# Training Entity Recognition Model for Token Classification Tutorial

This notebook demonstrates how to train a NLP model for entity recognition and use it to produce out-of-sample predicted probabilities for each token. These are required inputs to find label issues in token classification datasets with cleanlab. The specific token classification task we consider here is Named Entity Recognition with the [CoNLL-2003 dataset](https://deepai.org/dataset/conll-2003-english), and we train a Transformer network from [HuggingFace's transformers library](https://github.com/huggingface/transformers). This notebook demonstrates how to produce the `pred_probs`, using them to find label issues is demonstrated in cleanlab's [Token Classification Tutorial](https://docs.cleanlab.ai/). 

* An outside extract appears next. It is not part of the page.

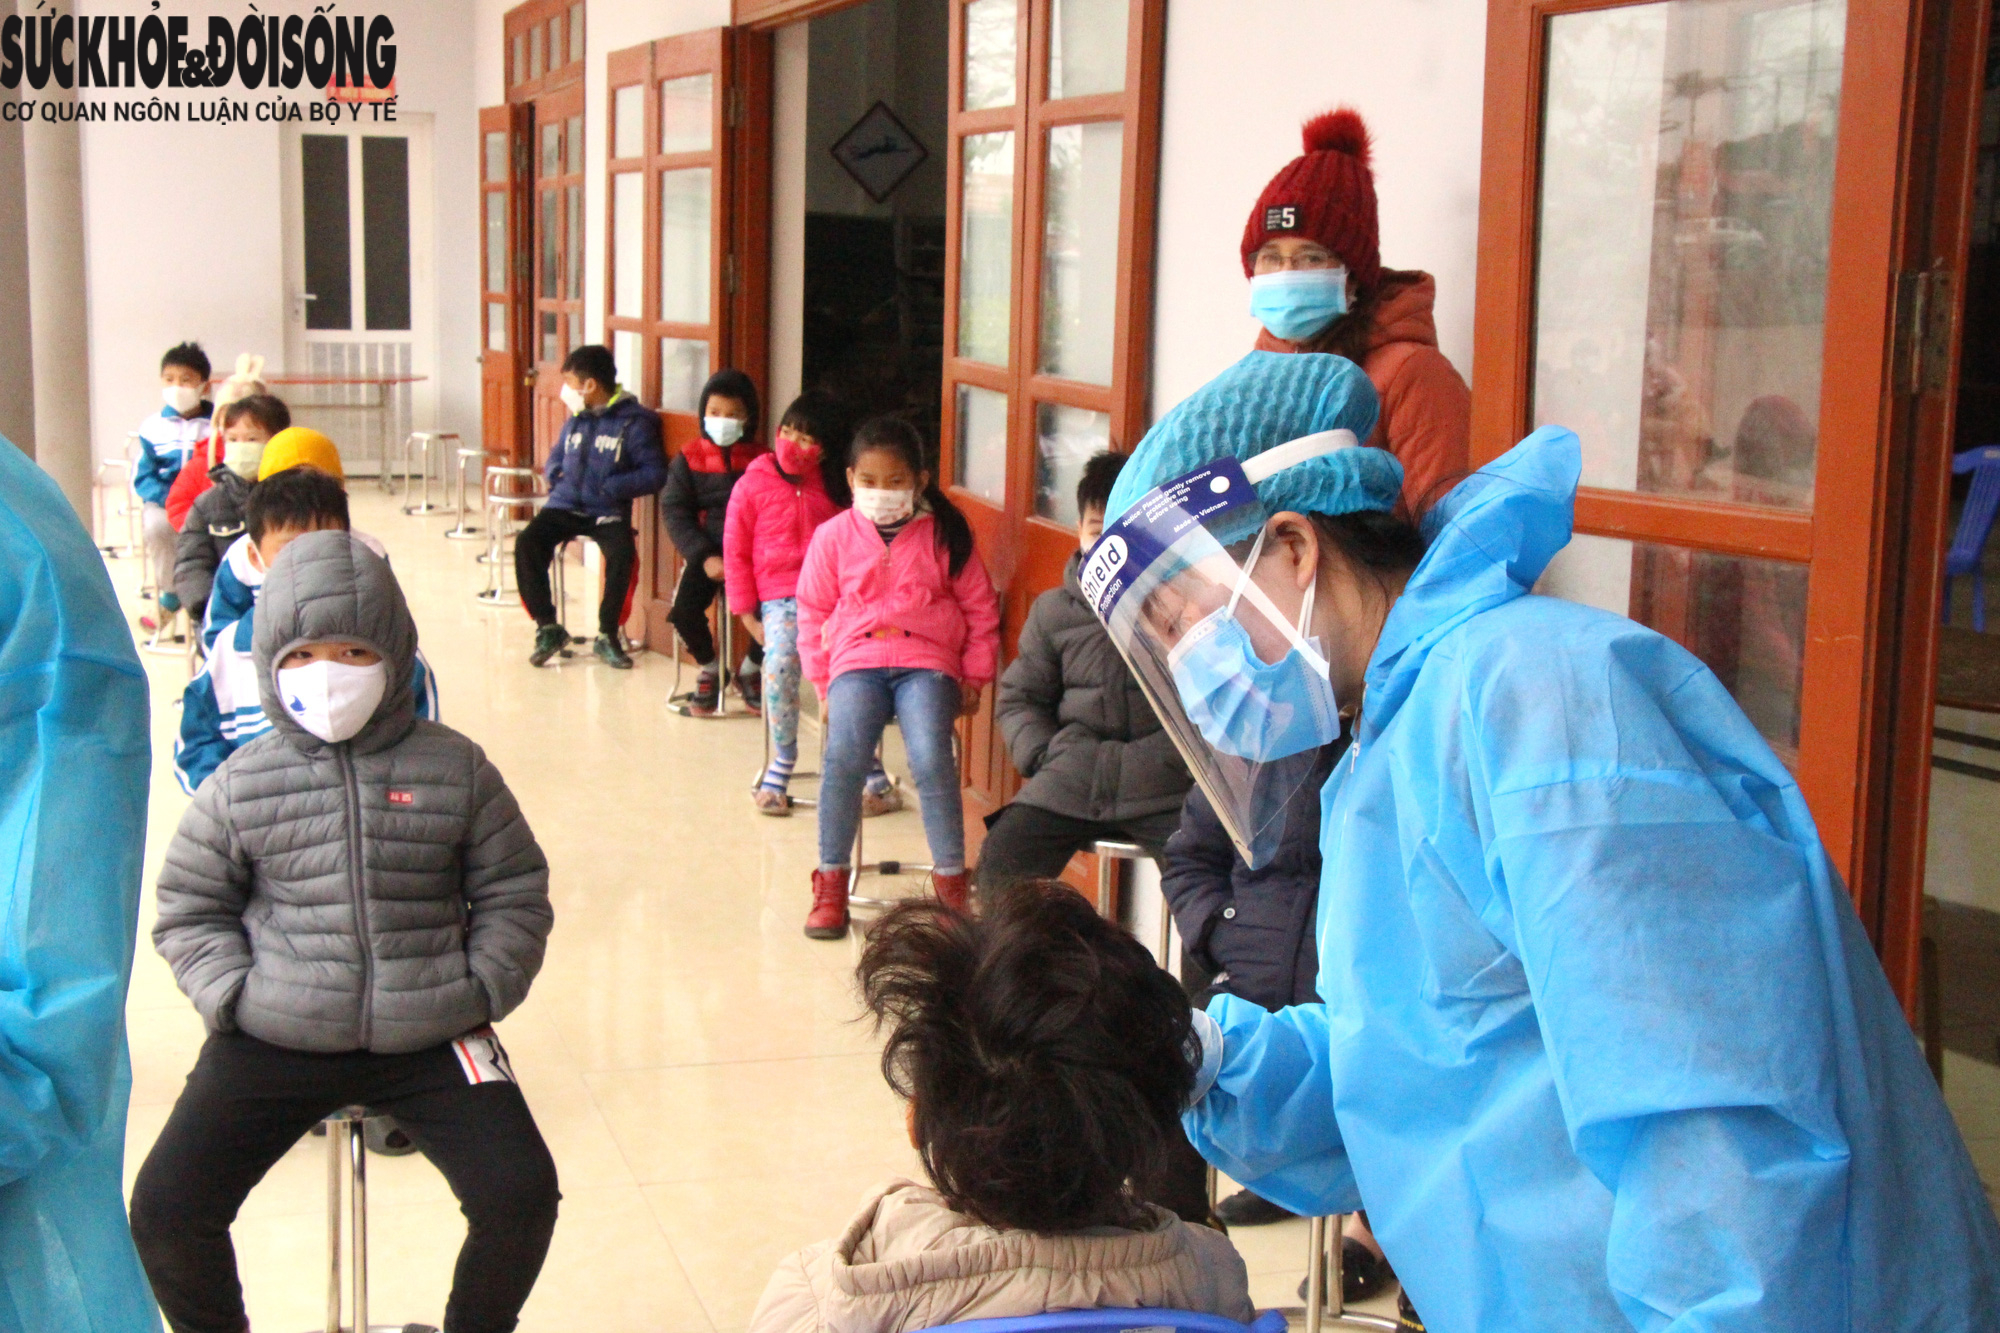 Hải Dương vượt ngưỡng 3.000 ca, một địa phương ở Quảng Ninh cho học sinh dừng đến trường  - Ảnh 1.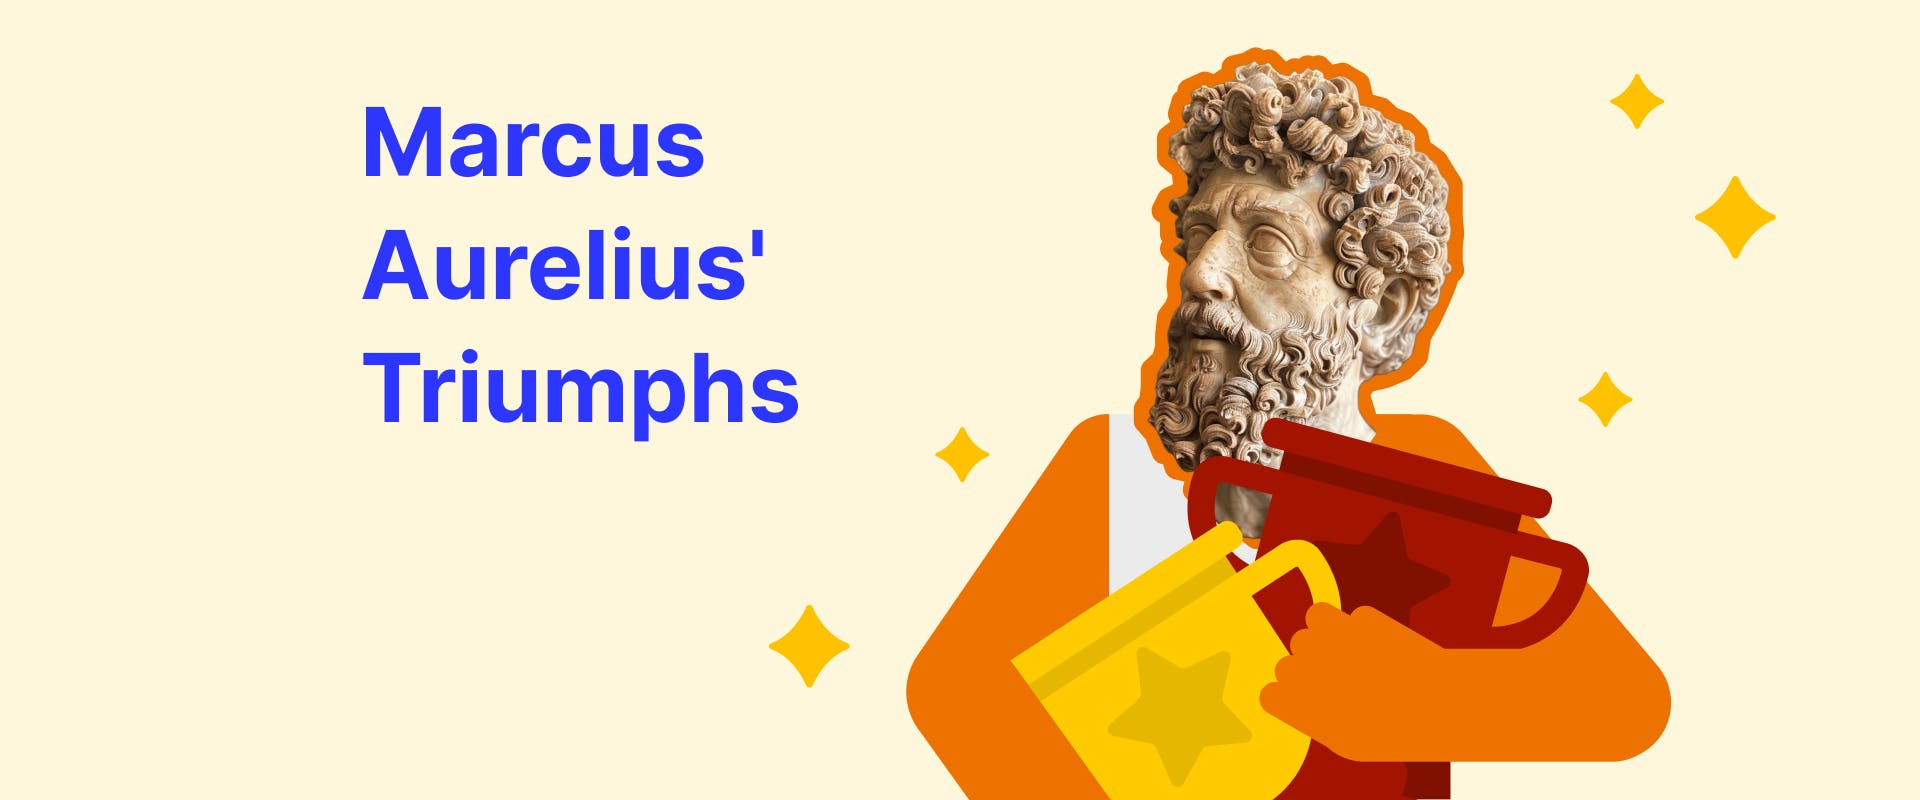 Marcus Aurelius' Accomplishments

**Overview of what we'll do in this notebook:** 
- Read and process text datasets with per-token labels in the CoNLL format. 
- Compute out-of-sample predicted probabilities by training a Transformer network via cross-validation. 
- Aggregate subword-level tokens\* into word-level tokens which are more individually meaningful. 

\* In NLP, tokens typically refer to words or punctuation marks, but modern tokenizers used with Transformers often break down longer words into smaller subwords. To avoid confusion, we use "word-level tokens" to refer to the individual given tokens in the original dataset (with a separate class label provided for each such token). Tokens obtained from processing the raw text with tokenizers are referred as "subword-level tokens". 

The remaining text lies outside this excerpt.